AMERICA, continued ...
Italian Republics of the Middle Age, continued ...
CHAPTER SIXTH. BOLOGNA, continued ...
“The election ended and published to the councils, public letters were written to the pretor elect, requesting his acceptance of the honor that was offered him; and upon the day when he made his entry into the city, he was met and honored by all the people."
The pretor had the same prerogatives and authorities which the consuls had; and therefore, according to the times, the republic was governed sometimes by consuls and sometimes by pretors; and sometimes there were at once both consuls and a pretor, as appears by instruments signed both by the consuls and a pretor in the years 1177 and 1179.
It appears, that instead of consuls, the citizens sometimes turned to an election of a foreigner for a pretor, to compose the discord which arose between those of the citizens who abused their liberty, to the end that they might call delinquents to account, and punish with more severity, and not fluctuate so easily from love or hatred, fear or favor.
But because for the most part the pretors were not skilled in the laws, at first two, and afterwards four judges of the law were called to aid them; and the pretors were decorated with high hats, long swords, and a sceptre, to denote their power (potestà); and from this they were afterwards vulgarly called podestà.
Besides the consuls or the pretor, in whom resided the sum total of the republic in peace and war, certain other magistrates, as has been mentioned, governed, and the mode of electing them was the same.

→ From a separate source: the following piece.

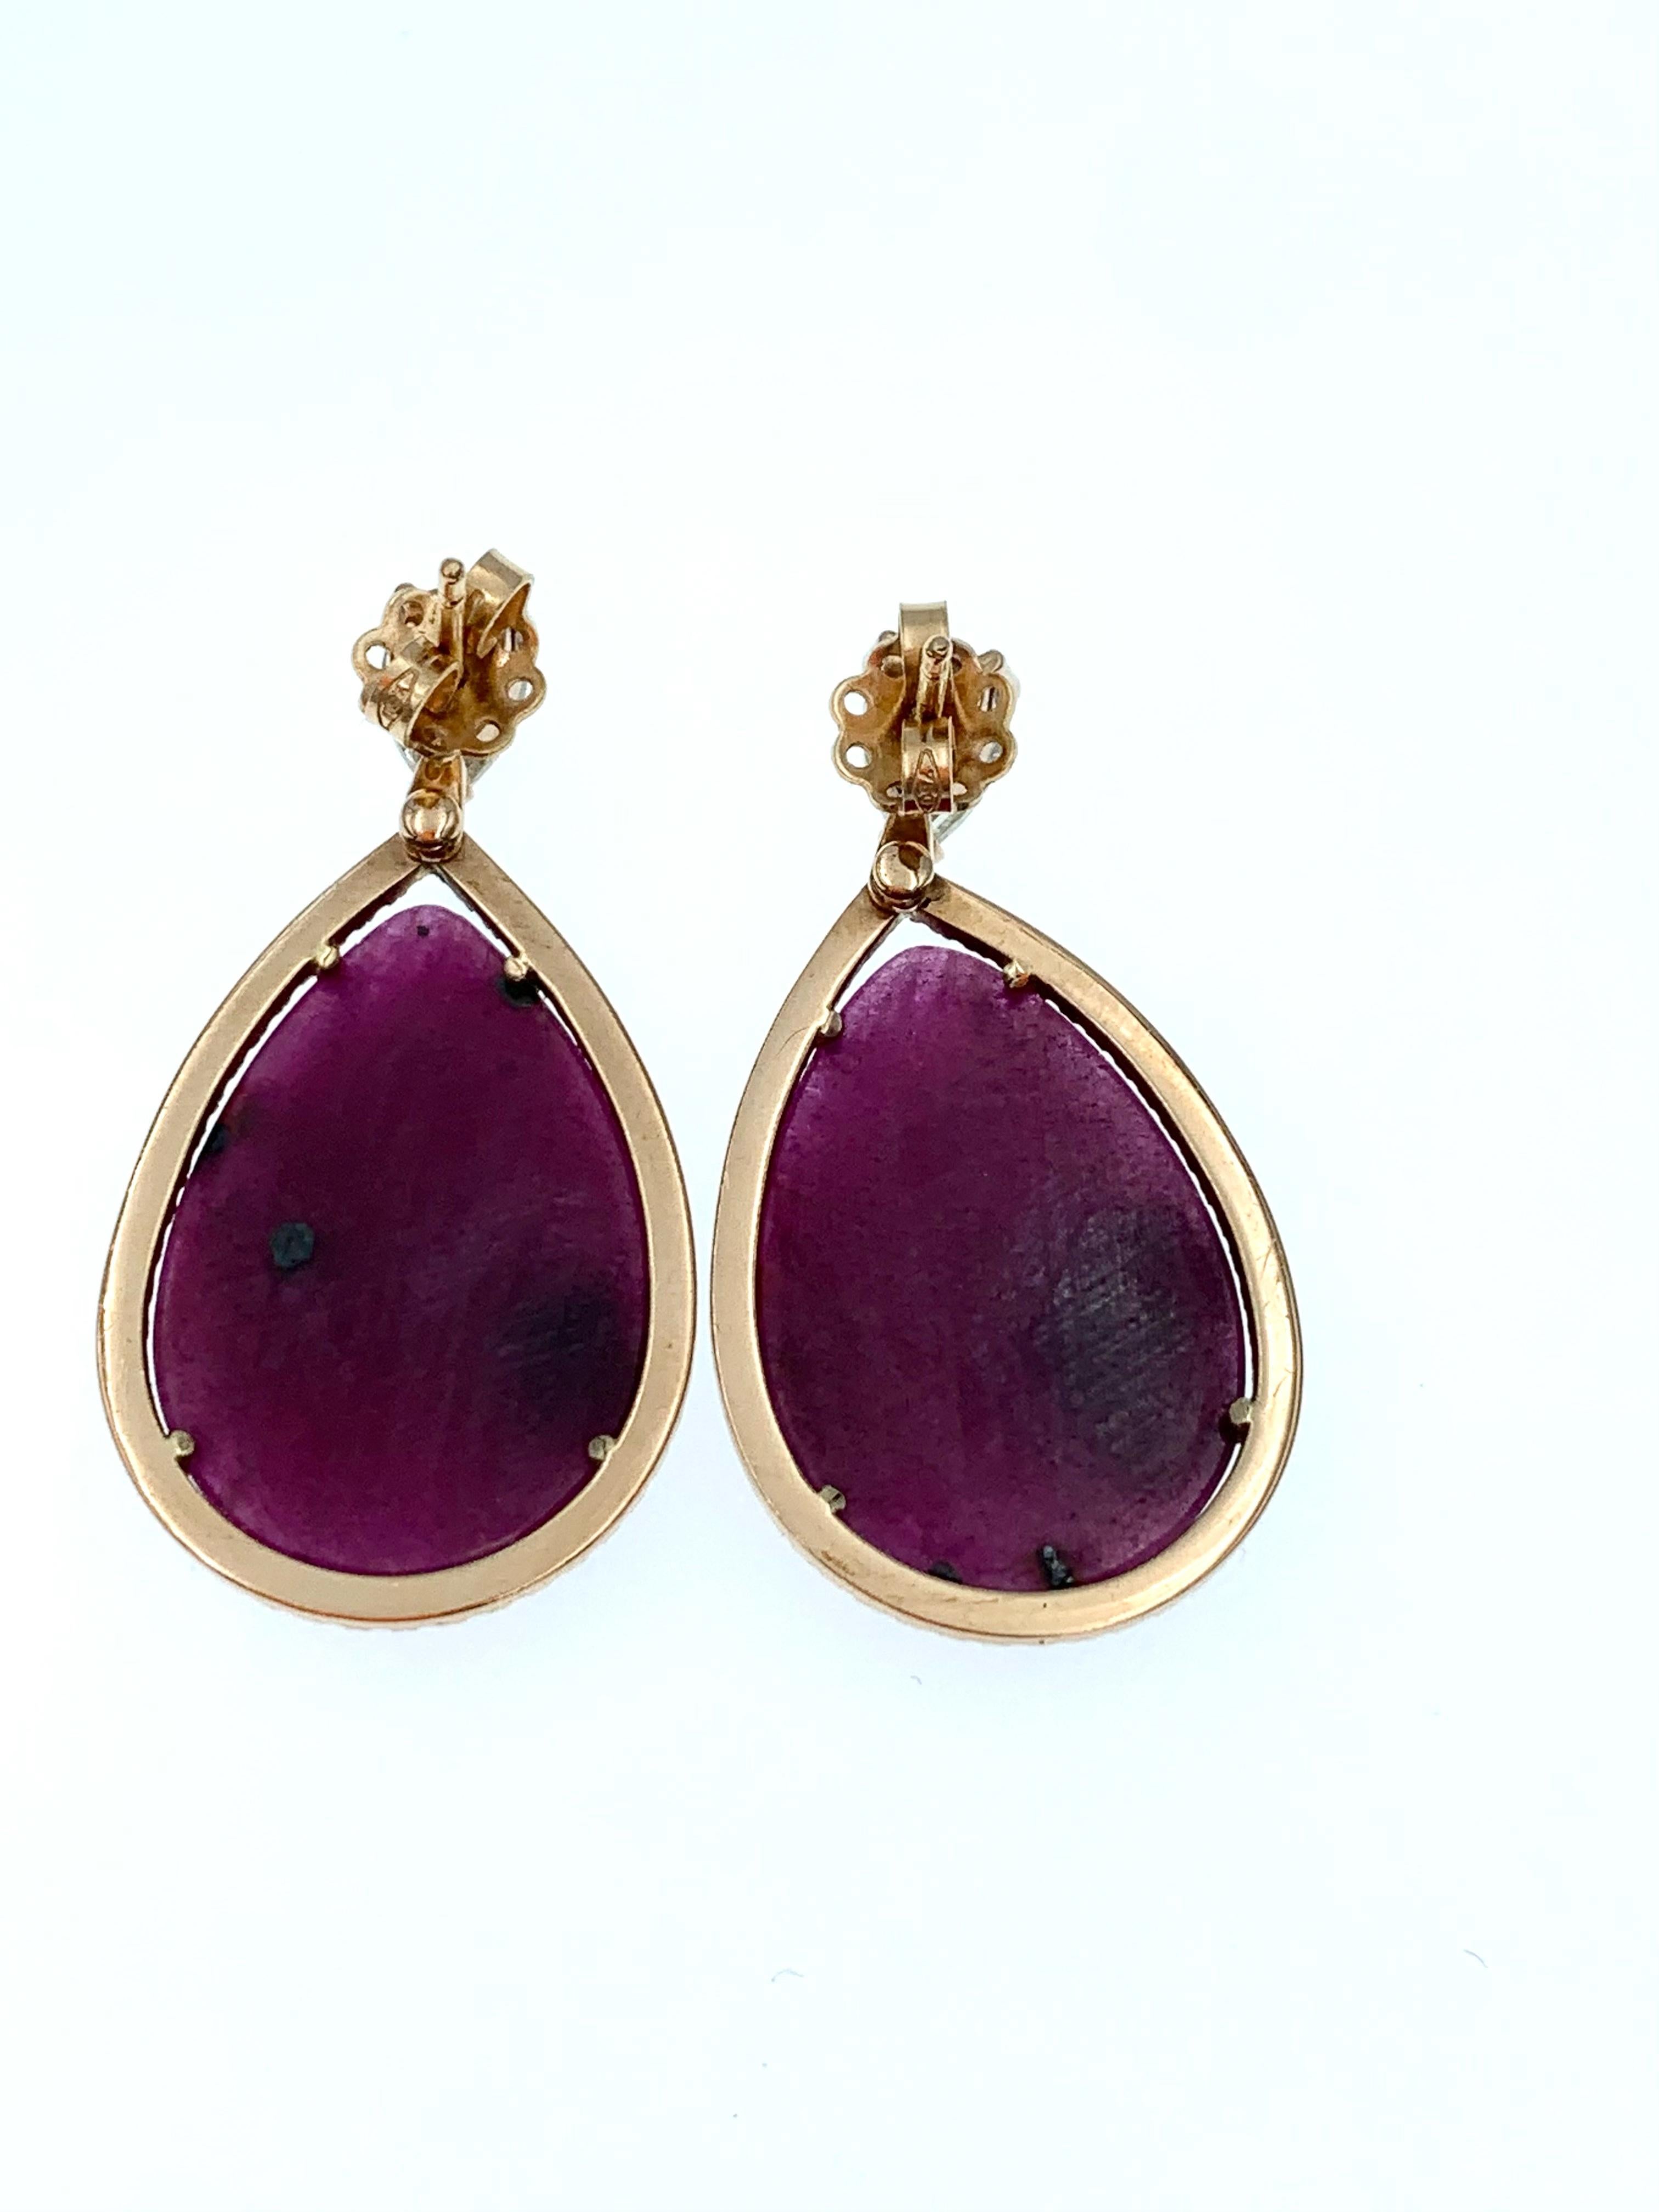 Hand made in 9 karat Rose Gold these pear shaped natural Ruby slices with a weight of approximately 36 carats in total are surrounded by a halo of black diamonds, hanging off a set of champagne coloured diamonds, approximately 1.20 carats in total.

Two tribes were called out to the lot one day, and the two others the next; and the deputed electors were prohibited to choose a father, son, brother, or any other relation, and moreover such as were inept, unskilful, or incapable of such government; and according as any one was elected, he was proclaimed with a loud voice in council.
To obviate all frauds which might be attempted, the ten written tickets being drawn, all the rest were examined in presence of the council, to see that there were no more than the law allowed.
It was provided by law, that no one could elect or proclaim a magistrate, who did not pay twenty pence into the purses of the treasury, which were exacted by the pretor; and it was forbidden to any one to accept of the office, if he had not been out of it one year.
None could be elected, but by that tribe in which he had his domicil; and every one who entered on a magistracy, took an oath to exercise his office with integrity and fidelity.
“Besides the magistrates already mentioned, there were those of the soldiery; the mode of electing whom was the same, but the government different."
The command in chief was given to the consuls or to the pretor.
The officers of the army among the cavalry, in the infantry, of the people, and lastly of the carroccio, were different.
The officers or prefects of the foot, of the horse, and of the people, because they carried a standard, (gonfalone,) were called gonfaloniers; and each one in his tribe was elected by his fellows, in the manner before described.
Moreover, some citizens served on foot, and some others on horseback; and those who performed the service of their own accord, did it more willingly than when deputed by commission of the magistrates to that purpose.
Wherefore, when any enterprise was undertaken by the military order, every one, whether of the foot or the horse, according to the necessity, went out under his own standard or ensign; and if the service required a greater appearance, each gonfalonier of the people led out his own tribe; and then it was said, that the people were gone out.
It rarely happened that all the tribes went out at once; but at one time, the infantry of one tribe; at another, the cavalry of another; now one whole tribe, and then another.
All the men were enrolled in the militia, from eighteen years of age to seventy, at which age men were released from all public offices, so as to be even rejected from the council.
And if by accident any old man, who exceeded that age, inconsiderately entered the council, the election was annulled.
In every parish, those who kept horses for war were described or registered in companies, by deputed muster-masters.
These companies, some of which were registered by tens, and some by twenty-fives, according to the number of the soldiers described by the muster-masters, at certain periods conducted their horses to officers deputed for the service, to be reviewed and approved; and notaries took down their names, with their furniture, and the quality of the horses.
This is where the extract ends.